E1: YouTube auto-captions land in canonical content.passage_text. yt-dlp already extracts them. Podcast 2.0 cascade: 3.7% transcript hit rate, near-zero non-transcript metadata per D-553 and D-485. Likely shelve, let E1 carry the transcript coverage win.
Caveat — Podcast 2.0 disposition decision still open. Default position pre-pressure-test: shelve A and B with revival triggers, ship E1 narrow. Transcript lives at source-artifact level per Arc 5 model.
capture.sigul.app DNS shipped, cellular and wifi both working.

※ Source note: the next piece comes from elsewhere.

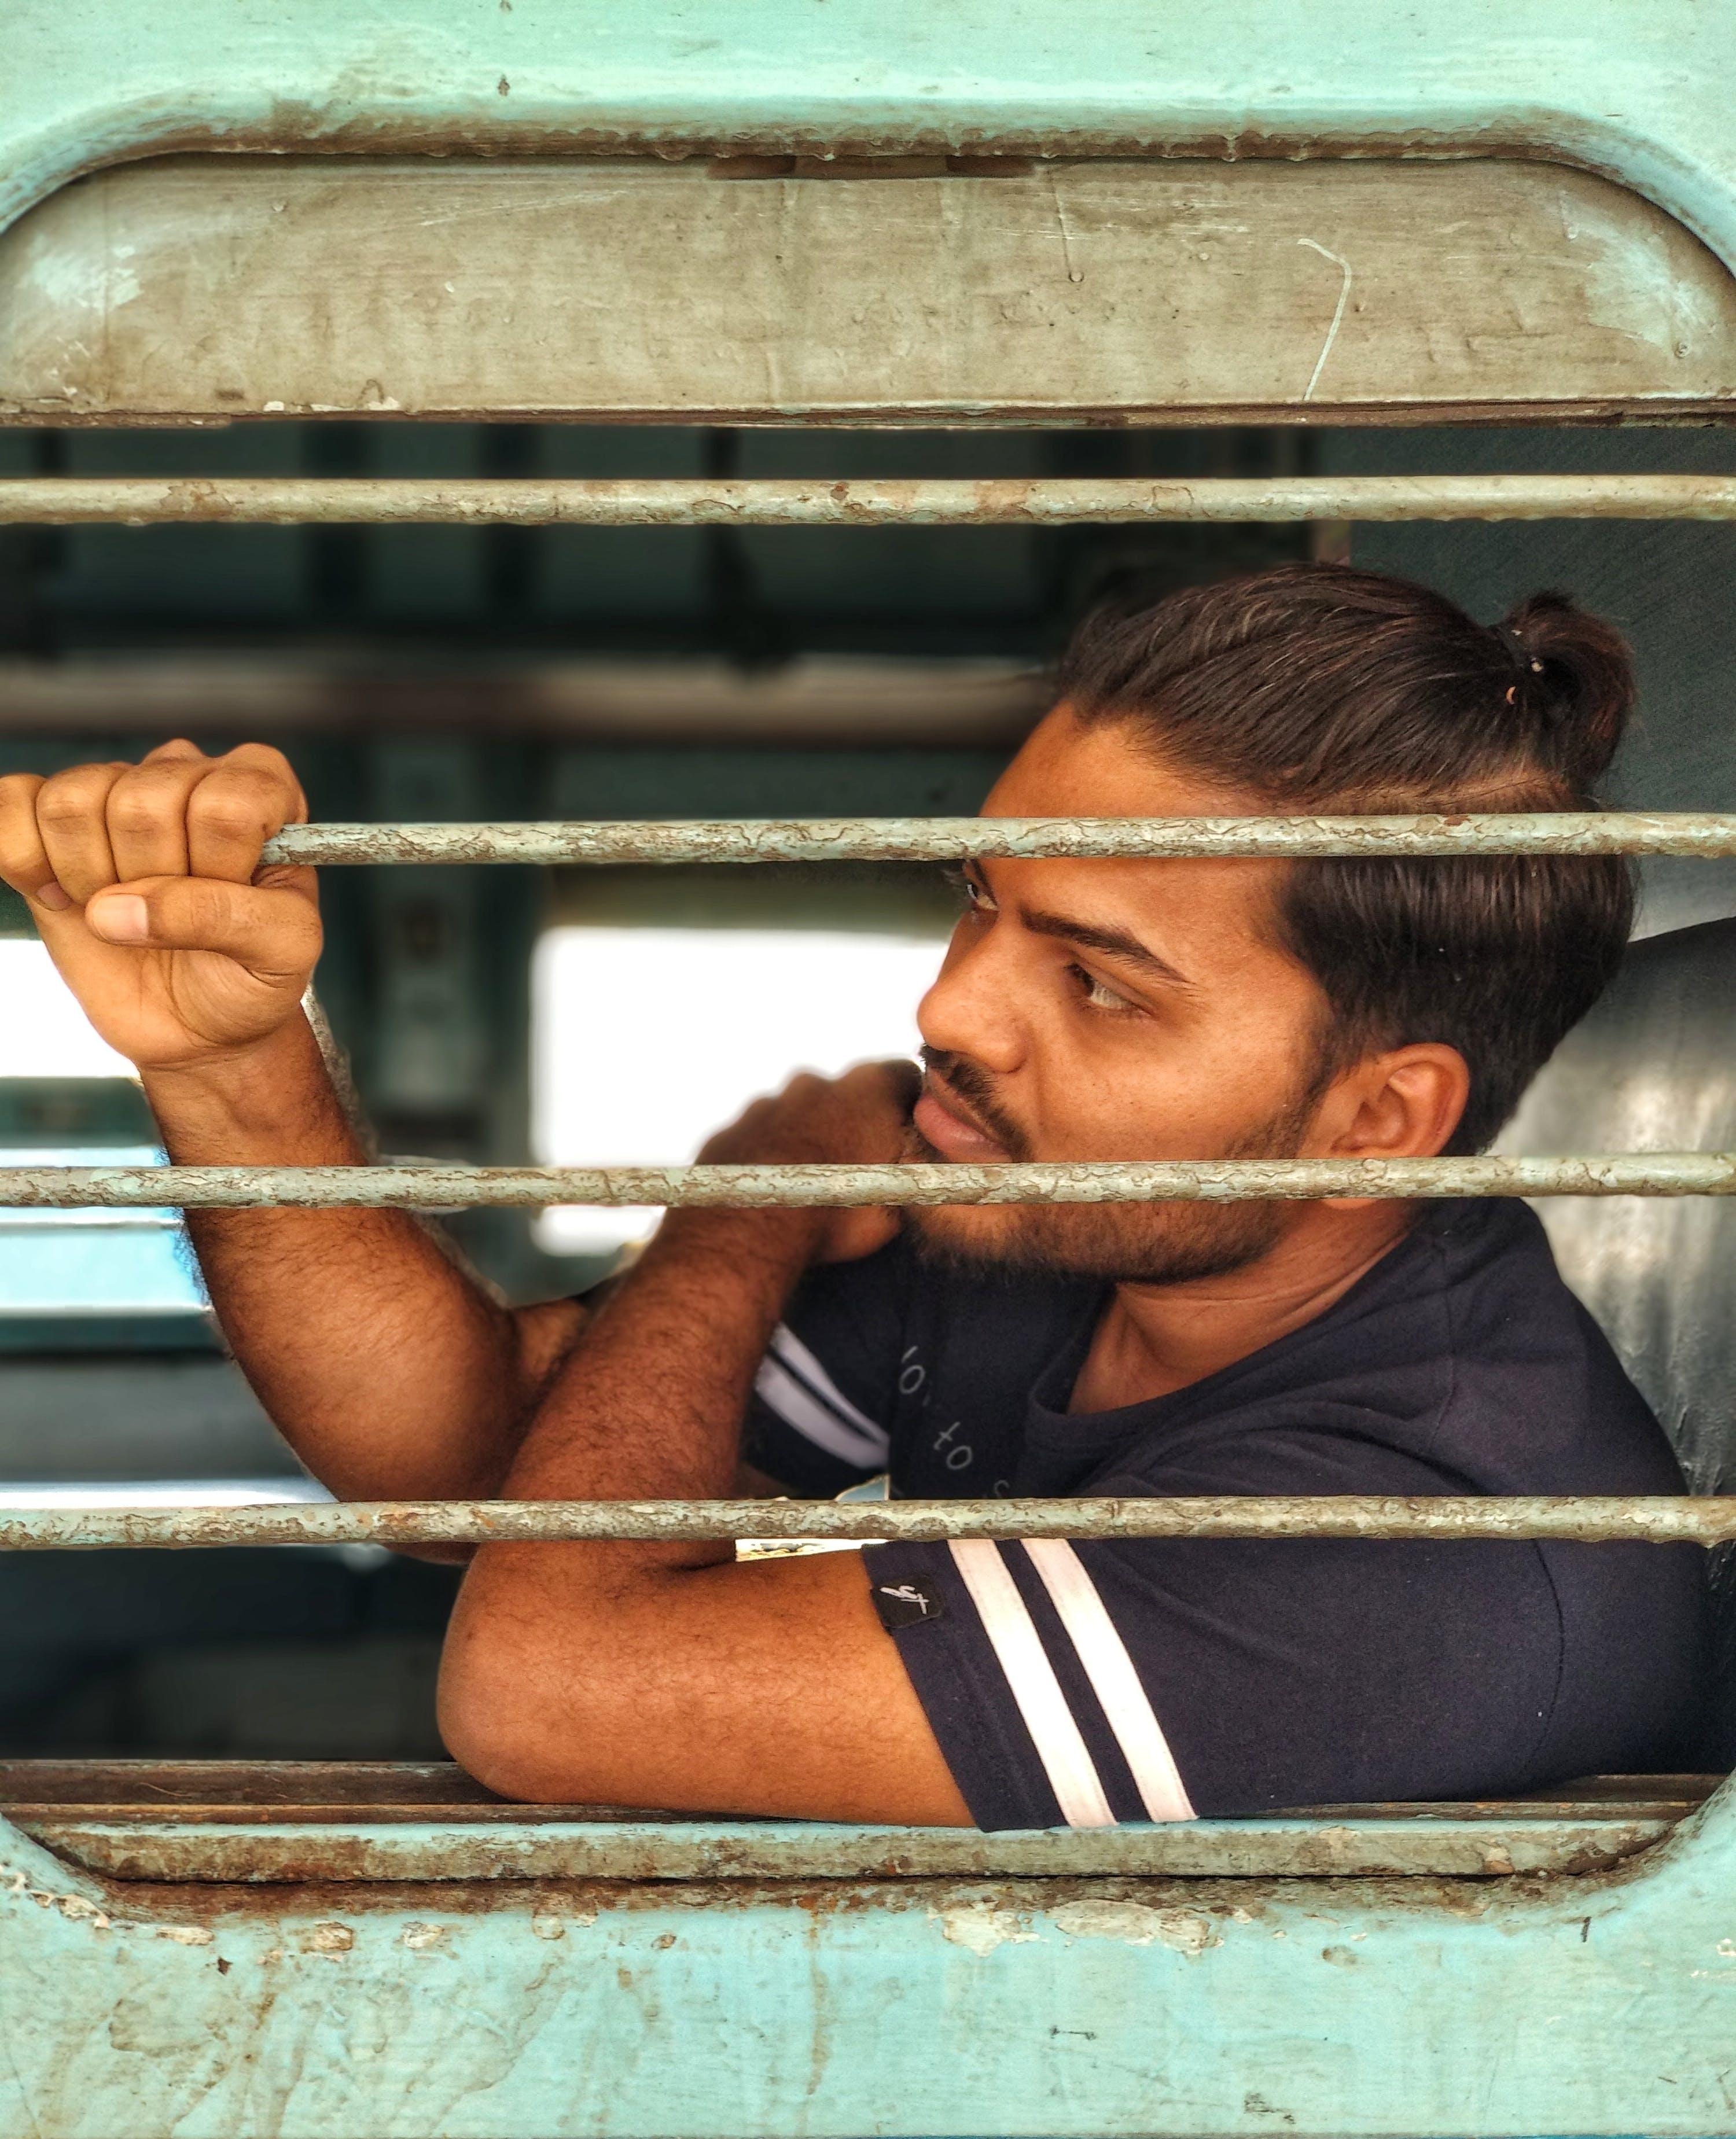 Man Wearing Black Crew-neck T-shirt Inside Green Vehicle

Remaining: Chrome extension MVP per Bible Gen 1 scope (multi-session), Discord disposition (clarify it's Brad-personal dogfood, productization is Future Gen), iPad smoke test (10 min).
Caveat — Chrome extension is the dominant sub-arc and isn't really 6–8 hr Cort. Likely a multi-session build with its own design pass. Could split into Arc 3a (DNS + smoke test, near done) and Arc 3b (Chrome ext MVP, real build). UI work; can dispatch in parallel with other arcs once Arc 5 ships.
Inbound mail receiver (Postmark / SendGrid / Mailgun), parser extracts URLs and forwarded text, writes to /ingest/url. Universal cross-device route. Strategically the highest-leverage Gen 1 addition — newsletter readers onboard with zero device-install friction.
Caveat — inbound mail infra may add hours beyond the parser work. Pre-arc spike required: pick mail provider, verify MX record path, scope spam/attachment policy. Ships after Arc 5 so email captures write to the source-artifact model (one newsletter issue = one source-artifact).
This page is downstream of three canonical docs. Locking this page without updating them creates internal inconsistency in the doc hierarchy.
Section 10 (Gen 1 Scope) re-scoped: universal capture only; archetypes, Board responses, L3 deferred to Gen 1.5+. Section 4 (Data Schema) extended with source-artifact / capture model per Arc 5. Section 17 cross-reference to this doc as the canonical architecture map.
Type 5 Email Forward currently scoped as Gen 2 in spec v3. Re-scope to Gen 1 per May 16 decision. Mobile entry-point section needs Arc 3 status update (Chrome ext still pending, capture.sigul.app DNS shipped). Reading Sessions design re-anchored to source-artifact model.
Five close-out arcs added (Arc 5 foundational, then Arc 1/4 parallel, Arc 2, Arc 3). Revival triggers documented for deferred Gen 1.5 work (archetypes, L3, Spotify Tier 1, S-027, Tier 3.5 SSR). Podcast 2.0 A and B formally shelved.
Add: "Gen 1 re-scoped 2026-05-16 to universal capture only; source-artifact + capture model per Arc 5; see sigul-universal-capture-architecture.html." Frees future-Claude from reconstructing the May 16-17 conversation.